_Exercise data_
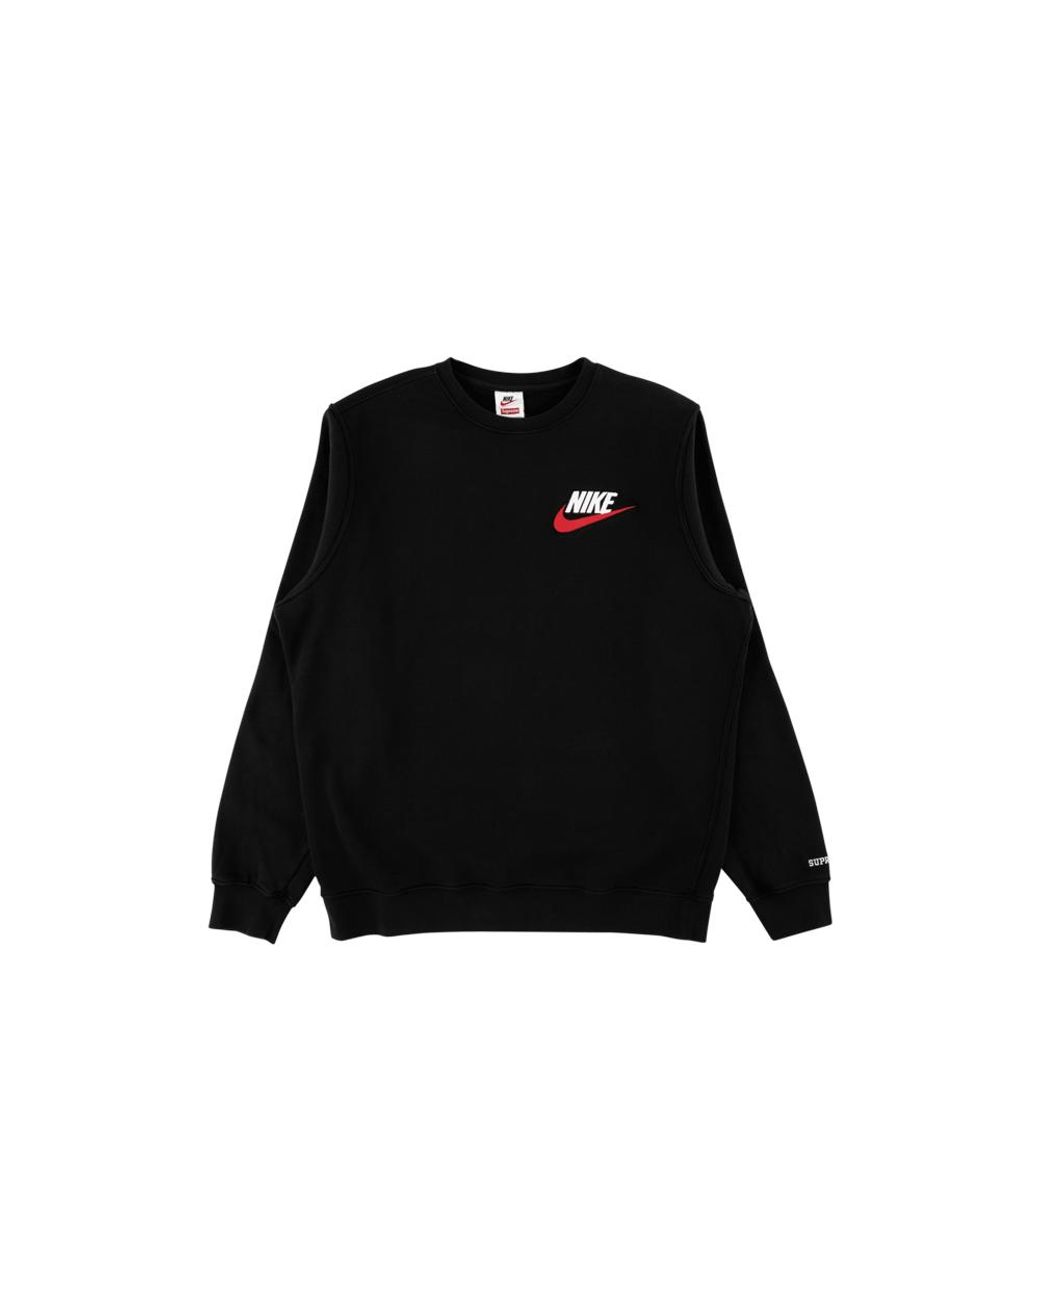 Supreme Nike Crewneck T-shirt 'fw 18' in Black for Men - Save 54% - Lyst
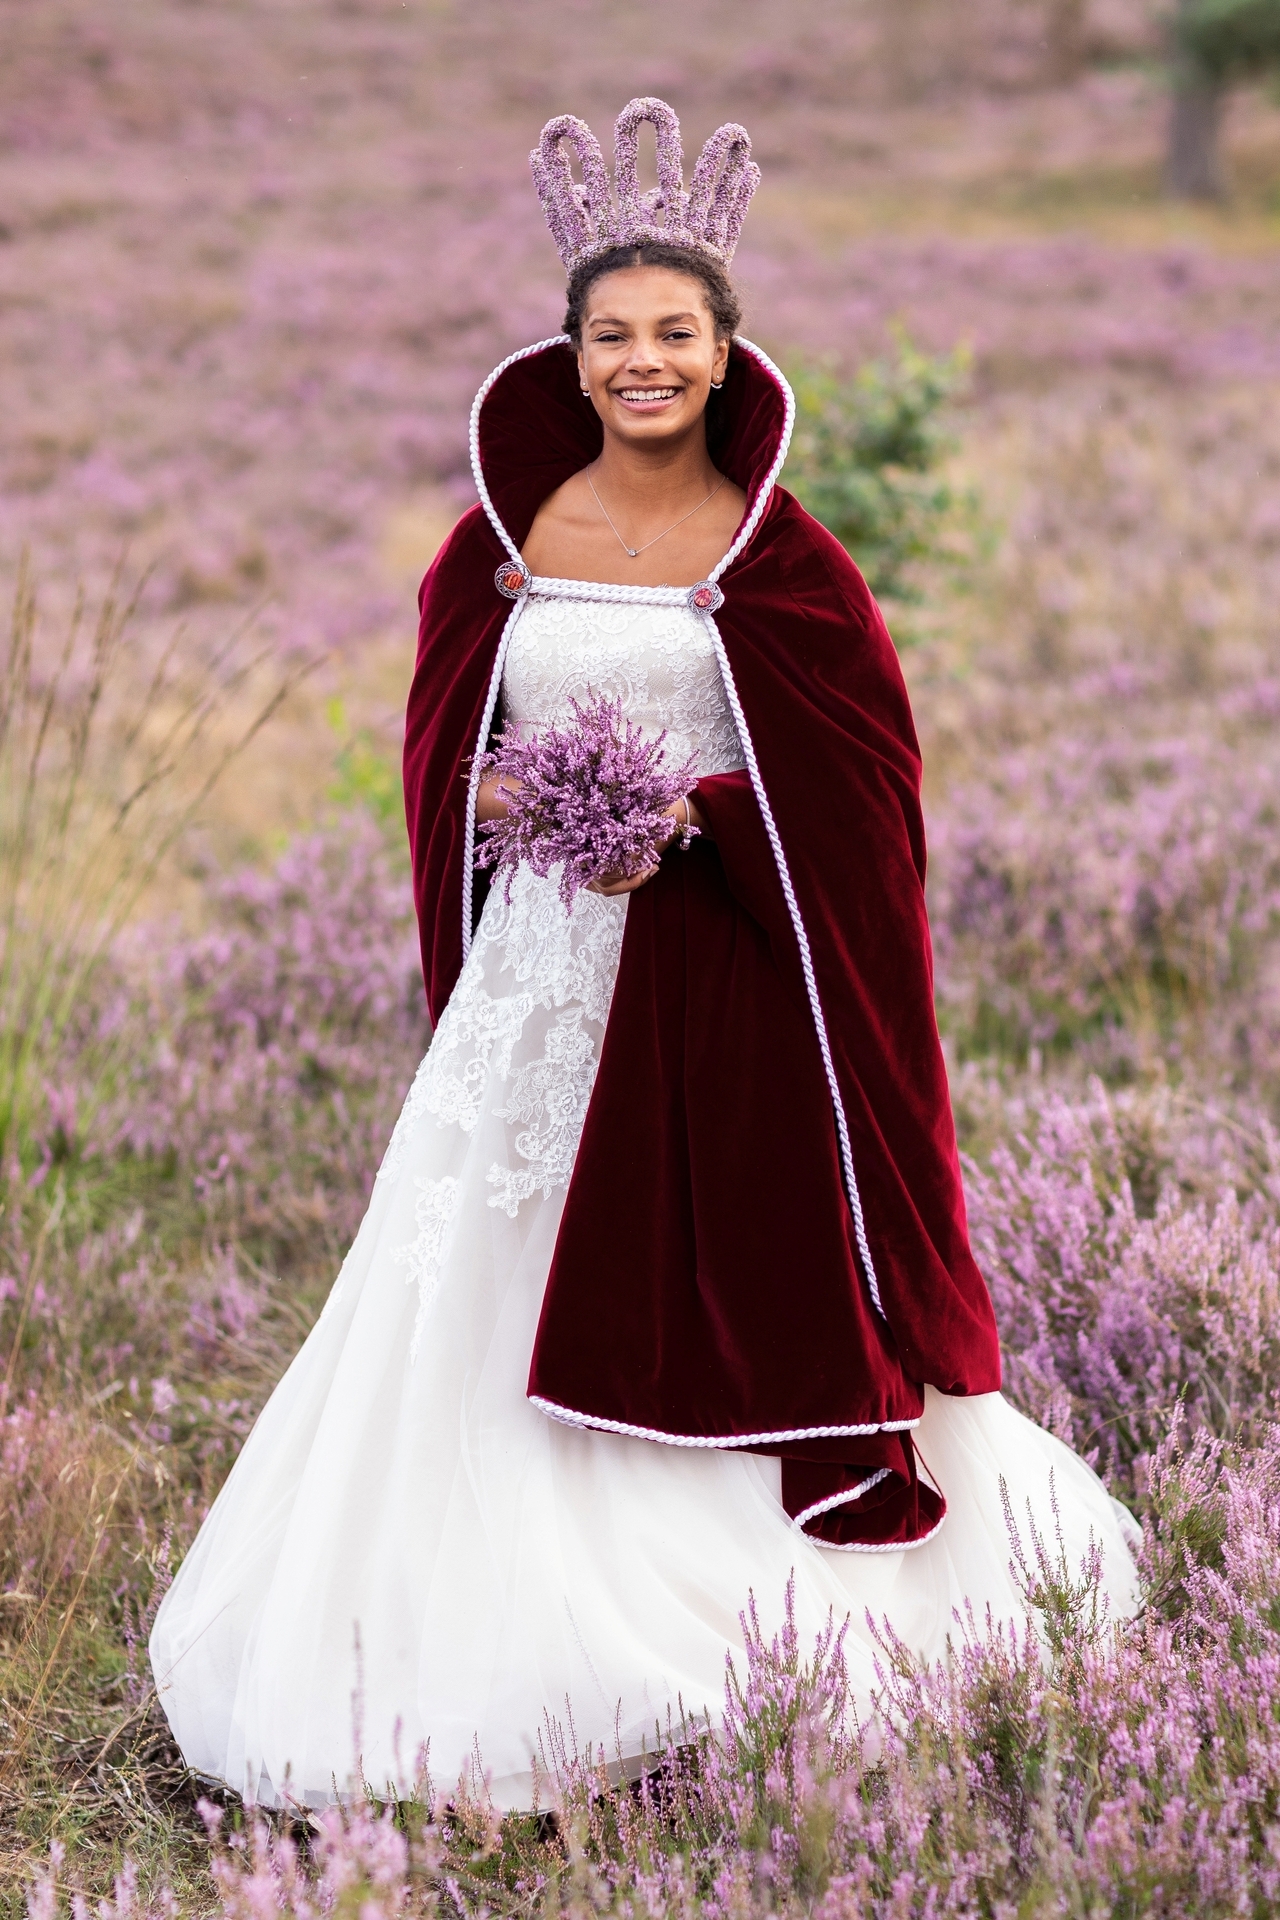 Bild: Heidekönigin 2019  Leonie Laryea
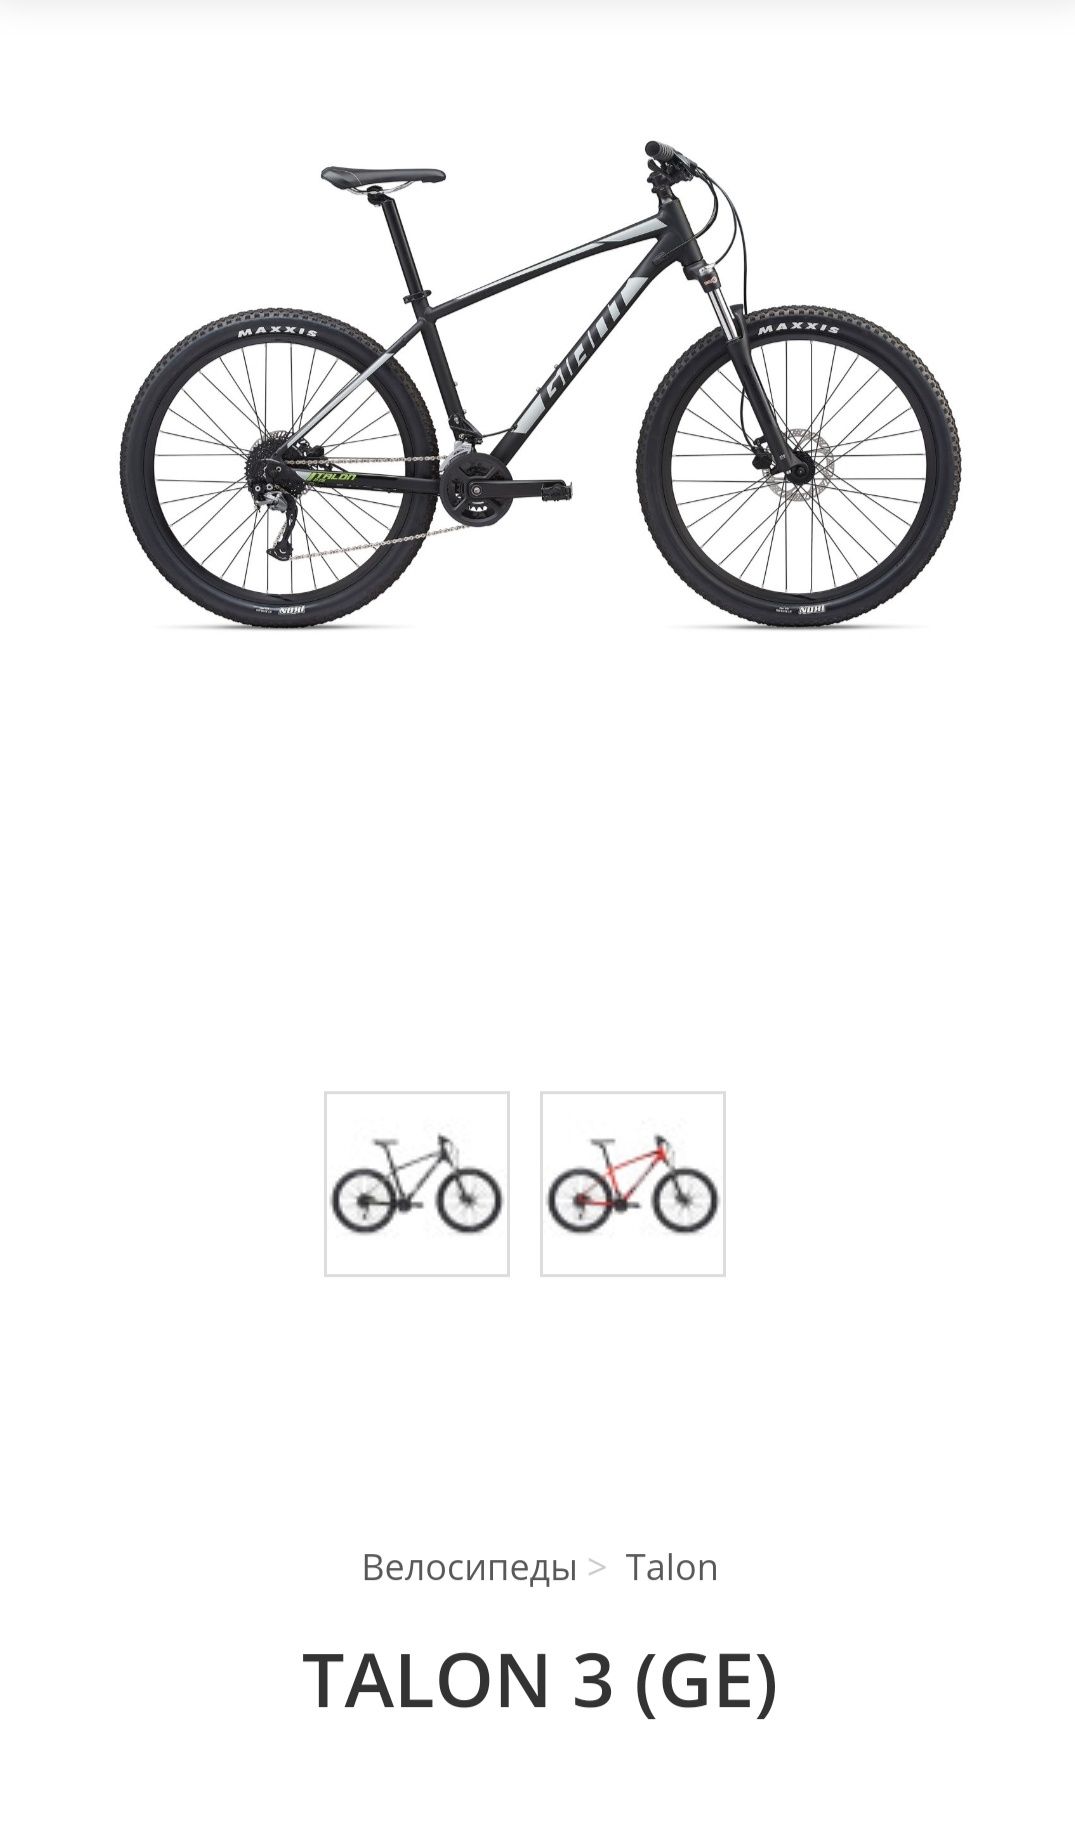 Продам велосипед Giant Talon 3, 29, 2020

_Exercise description_
Print the material above once more, exactly. No pictures belong in it.

_Response area_
 Supreme Nike Crewneck T-shirt 'fw 18' in Black for Men - Save 54% - Lyst
 Bild: Heidekönigin 2019  Leonie Laryea
 Продам велосипед Giant Talon 3, 29, 2020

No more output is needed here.